1. About 24,000 years ago, while the world was still in the grip of the last Ice Age and huge continental glaciers covered large areas, a sudden warming of about 20°F occurred. Shortly thereafter, temperatures dropped abruptly about 11°F. Temperatures then remained cold for several thousand years but oscillated between about 5°F warmer and cooler.

2. About 15,000 years ago, a sudden, intense, climatic warming of about 21°F (~12° C;) caused dramatic melting of the large ice sheets that covered Canada and the northern U.S., all of Scandinavia, and much of northern Europe and Russia.

3. A few centuries later, temperatures again plummeted about 20° F (~11°C) and glaciers readvanced.

4. About 14,000 years ago, global temperatures once again rose rapidly, about 8° F (~4.5°C), and glaciers receded.

4. About 13,400 years ago, global temperatures plunged again, about 14° F (~8°C) and glaciers readvanced.

5. About 13,200 years ago, global temperatures increased rapidly, 9° F (~5°C), and glaciers receded.

6. 12,700 yrs ago global temperatures plunged sharply, 14° F (~8°C) and a 1300 year cold period, the Younger Dryas, began.

7. After 1300 years of cold climate, global temperatures rose sharply, about 21° F (~12° C), 11,500 years ago, marking the end of the Younger Dryas cold period and the end of the Pleistocene Ice Age.
He goes on to review the climate changes during the last 3000 years during the historical era.
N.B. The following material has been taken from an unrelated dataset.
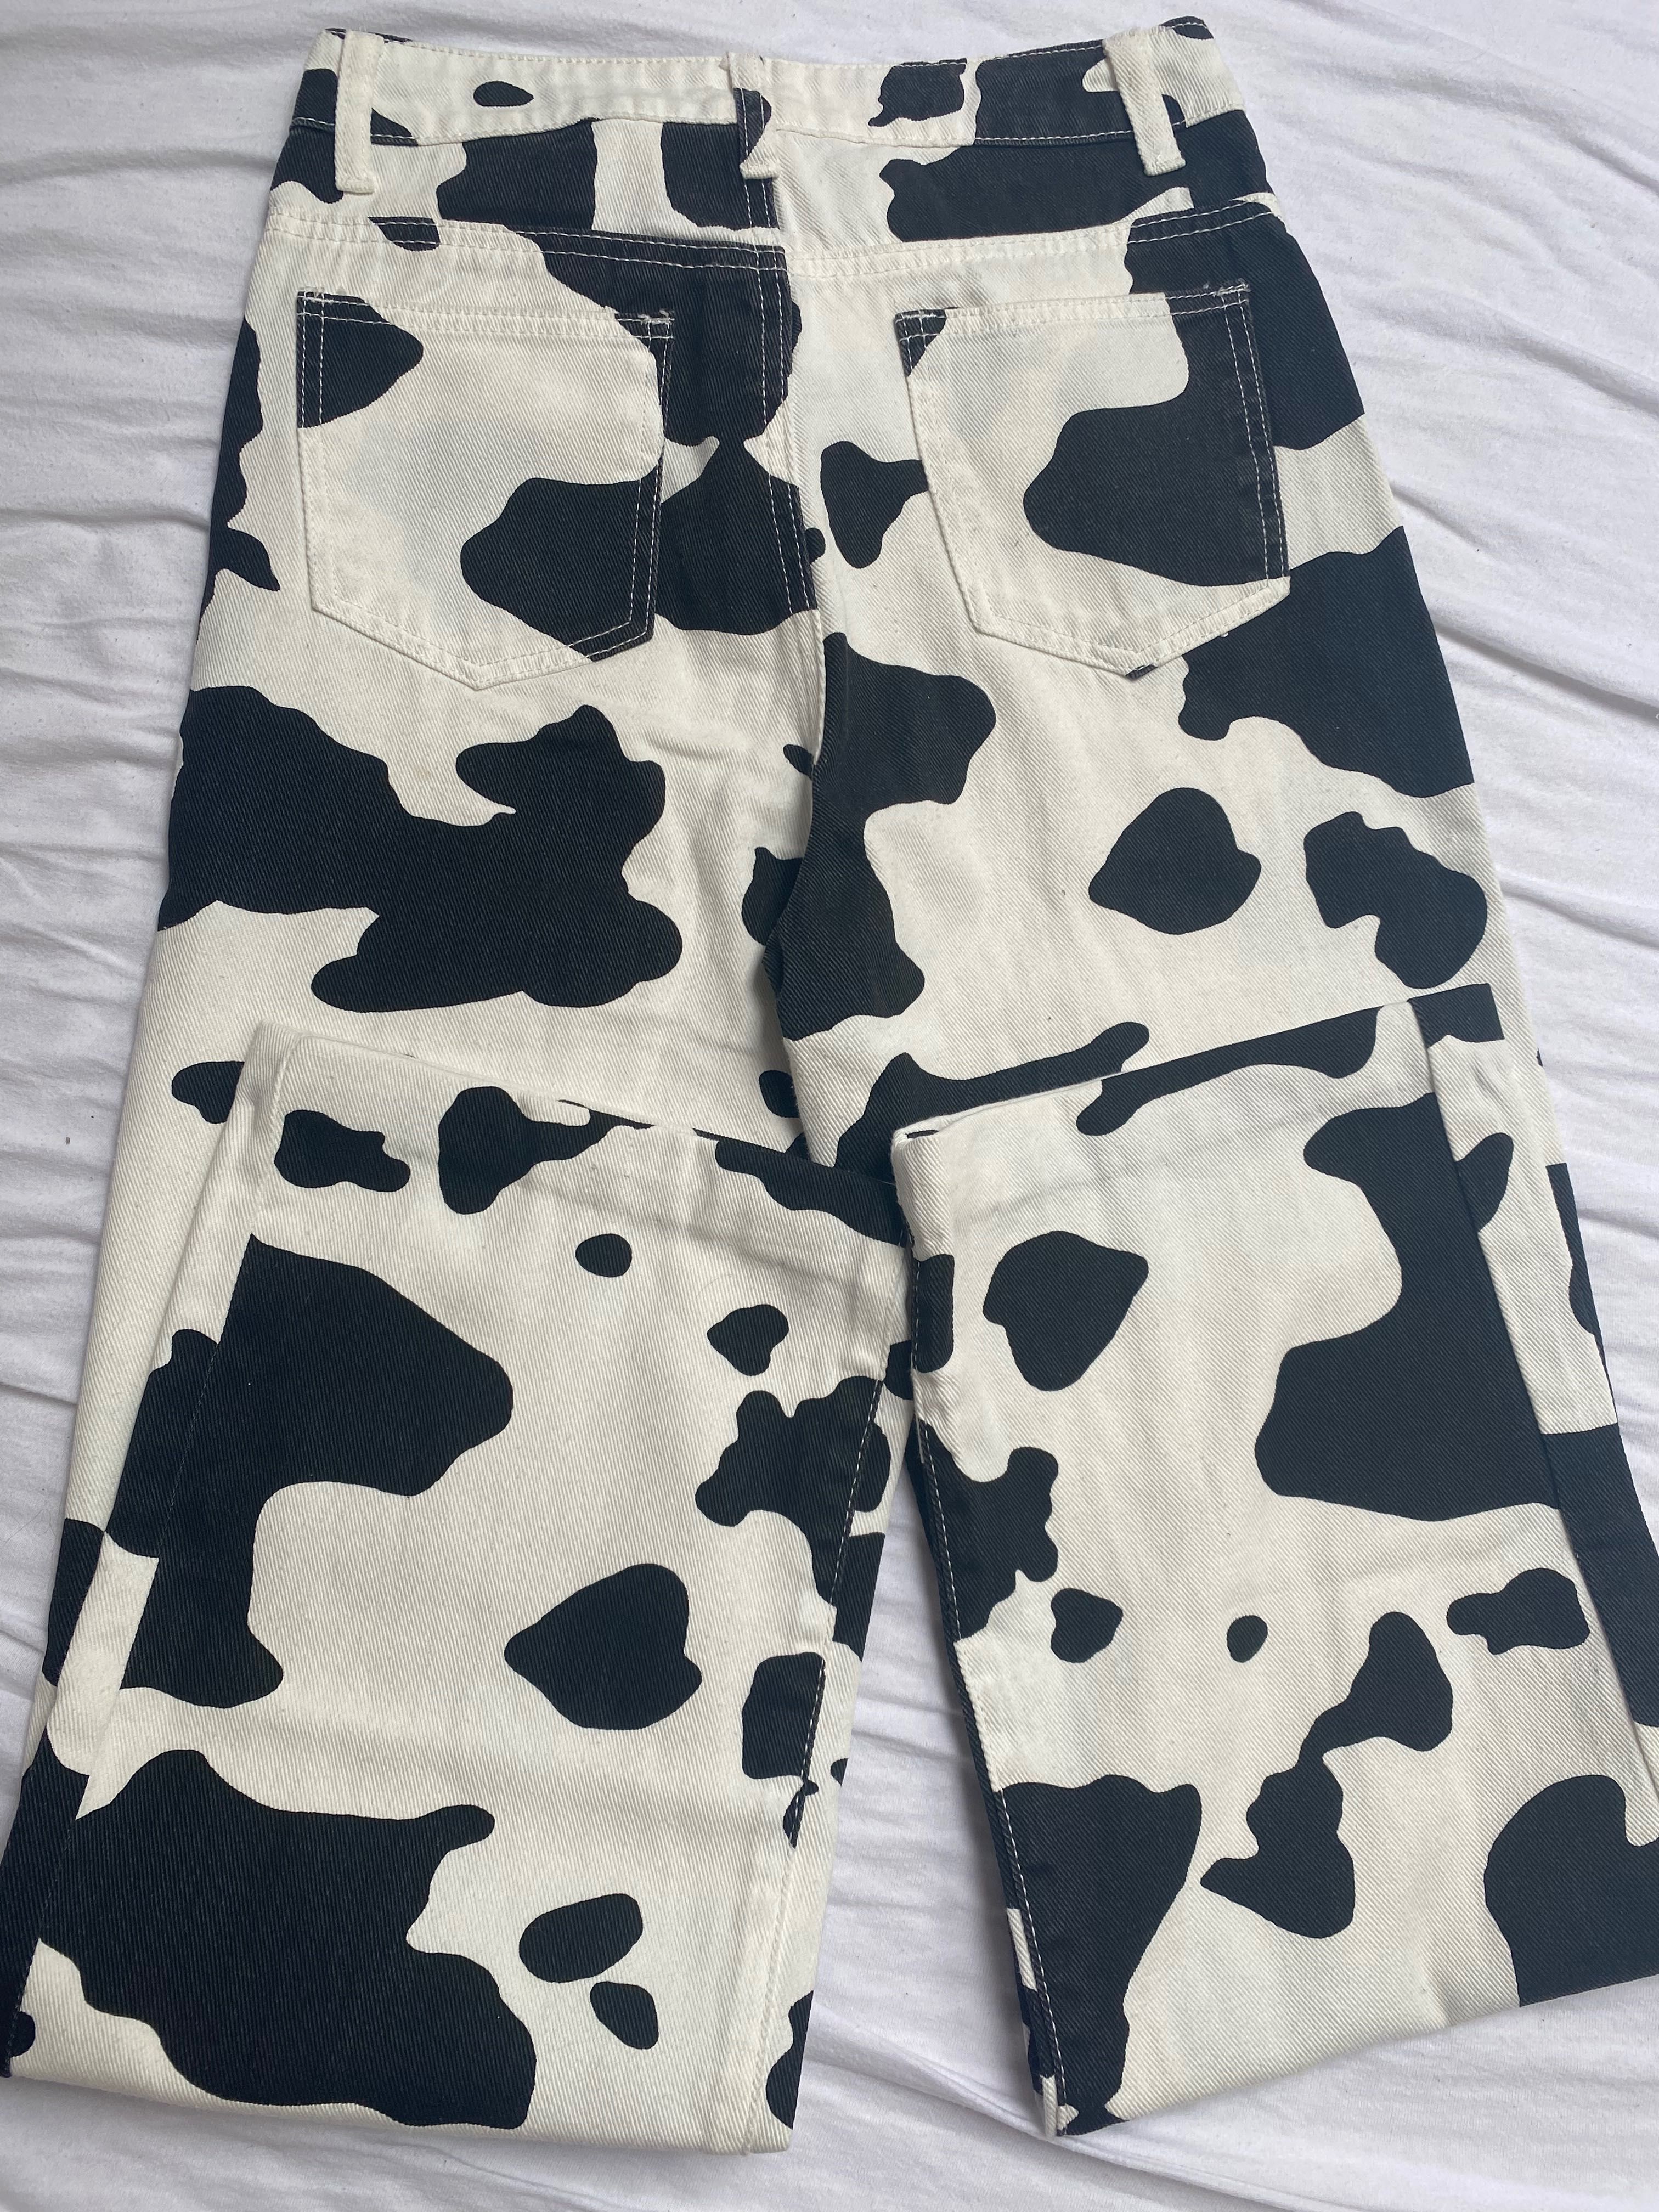 Spodnie wzór krowa, szerokie nogawki

Fascinating stuff.

For example, from this latter material here is his bit on the "Little Ice Age":
The Little Ice Age (1300 A.D. to the 20th century)

At the end of the Medieval Warm Period, ~1230 AD, temperatures dropped ~4°C (~7° F) in ~20 years and the cold period that followed is known as the Little Ice Age. The colder climate that ensued for several centuries was devastating (see e.g., Grove, 1988, 2004; Singer and Avery, 2007; Fagan, 2000). Temperatures of the cold winters and cool, rainy summers were too low for growing of cereal crops, resulting in widespread famine and disease. When temperatures declined during the 30–year cool period from the late 1940’s to 1977, some climatologists and meteorologists predicted a return to a new Little Ice Age.
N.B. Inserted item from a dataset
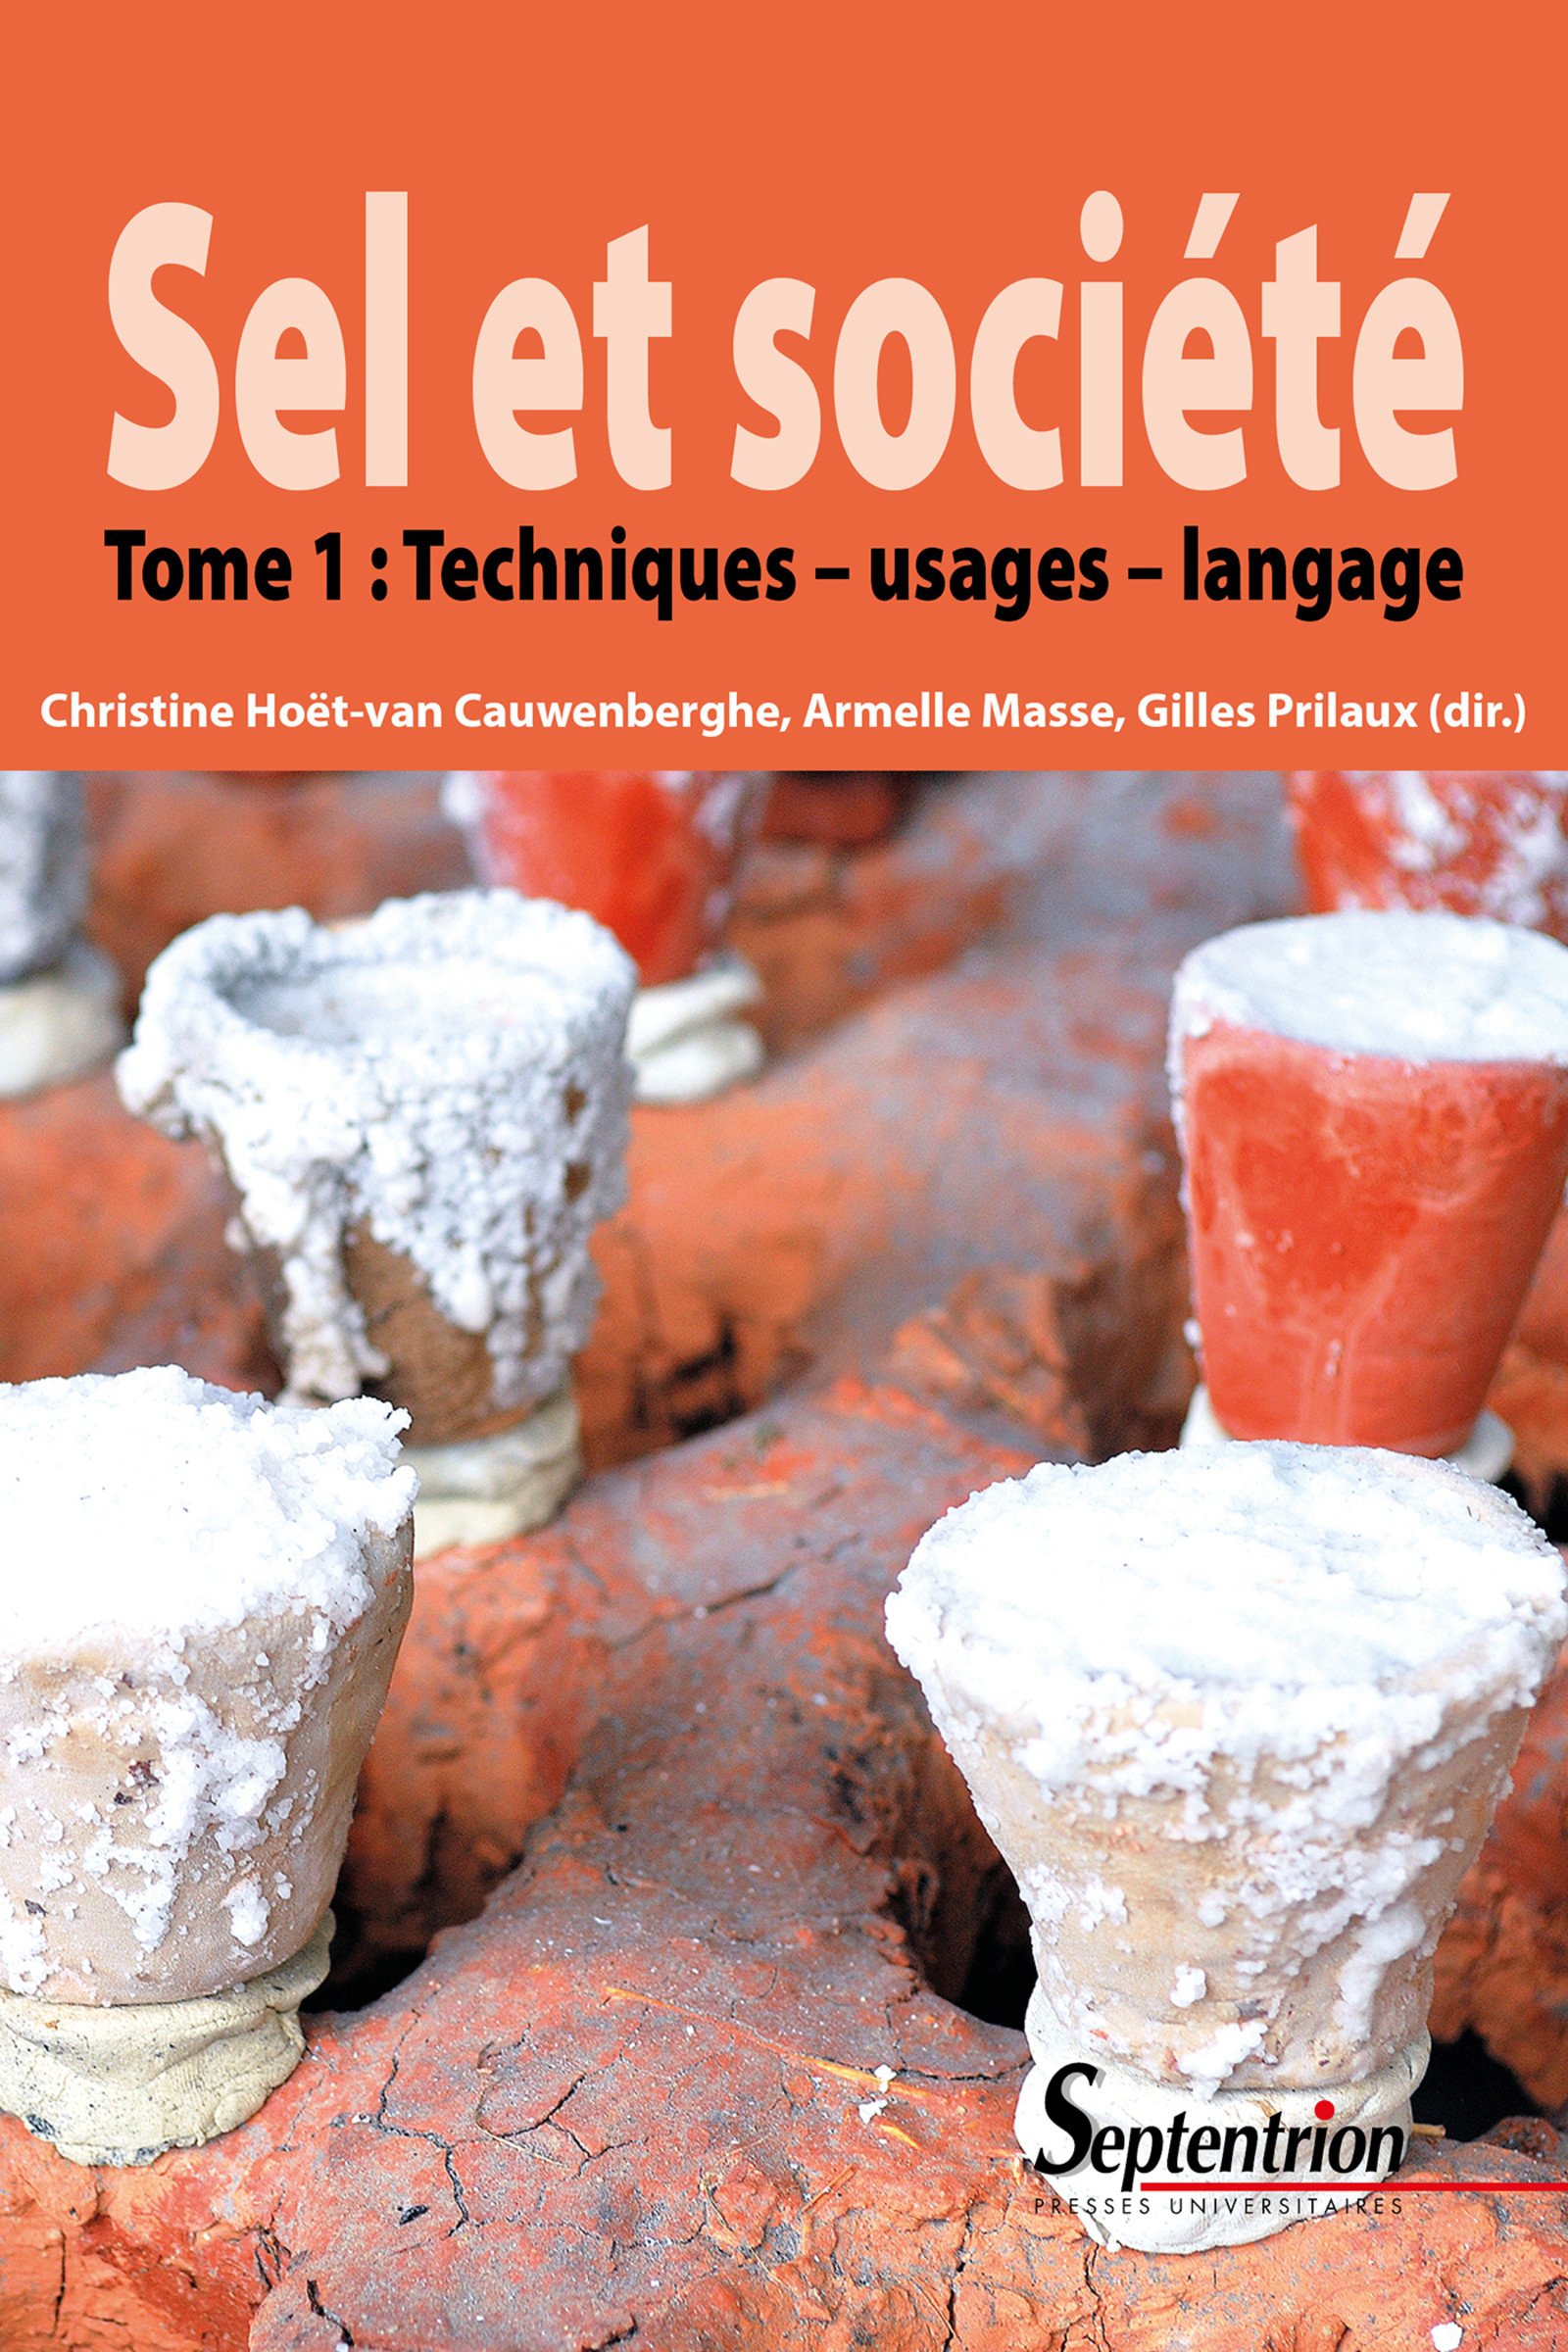 Sel et société. Tome 1: Techniques, usages, langage, 2017, 274 p.

Glaciers expanded worldwide (see e.g., Grove, 1988, 2004; Singer and Avery, 2007). Glaciers in Greenland advanced and pack-ice extended southward in the North Atlantic in the 13th century. The population of Europe had become dependent on cereal grains as a food supply during the Medieval Warm Period and when the colder climate, early snows, violent storms, and recurrent flooding swept Europe, massive crop failures occurred. Three years of torrential rains that began in 1315 led to the Great Famine of 1315-1317. The Thames River in London froze over, the growing season was significantly shortened, crops failed repeatedly, and wine production dropped sharply (Fagan, 2000; Singer and Avery, 2007).

Winters during the Little Ice Age were bitterly cold in many parts of the world. Advance of glaciers in the Swiss Alps in the mid–17th century gradually encroached on farms and buried entire villages. The Thames River and canals and rivers of the Netherlands frequently froze over during the winter. New York Harbor froze in the winter of 1780 and people could walk from Manhattan to Staten Island. Sea ice surrounding Iceland extended for miles in every direction, closing many harbors. The population of Iceland decreased by half and the Viking colonies in Greenland died out in the 1400s because they could no longer grow enough food there. In parts of China, warm weather crops that had been grown for centuries were abandoned. In North America, early European settlers experienced exceptionally severe winters.
This is a good antidote to the "global warming" hysteria. From his conclusion:
Temperature changes recorded in the GISP2 ice core from the Greenland Ice Sheet show that the magnitude of global warming experienced during the past century is insignificant compared to the magnitude of the profound natural climate reversals over the past 25,000 years, which preceded any significant rise of atmospheric CO2. If so many much more intense periods of warming occurred naturally in the past without increase in CO2, why should the mere coincidence of a small period of low magnitude warming this century be blamed on CO2?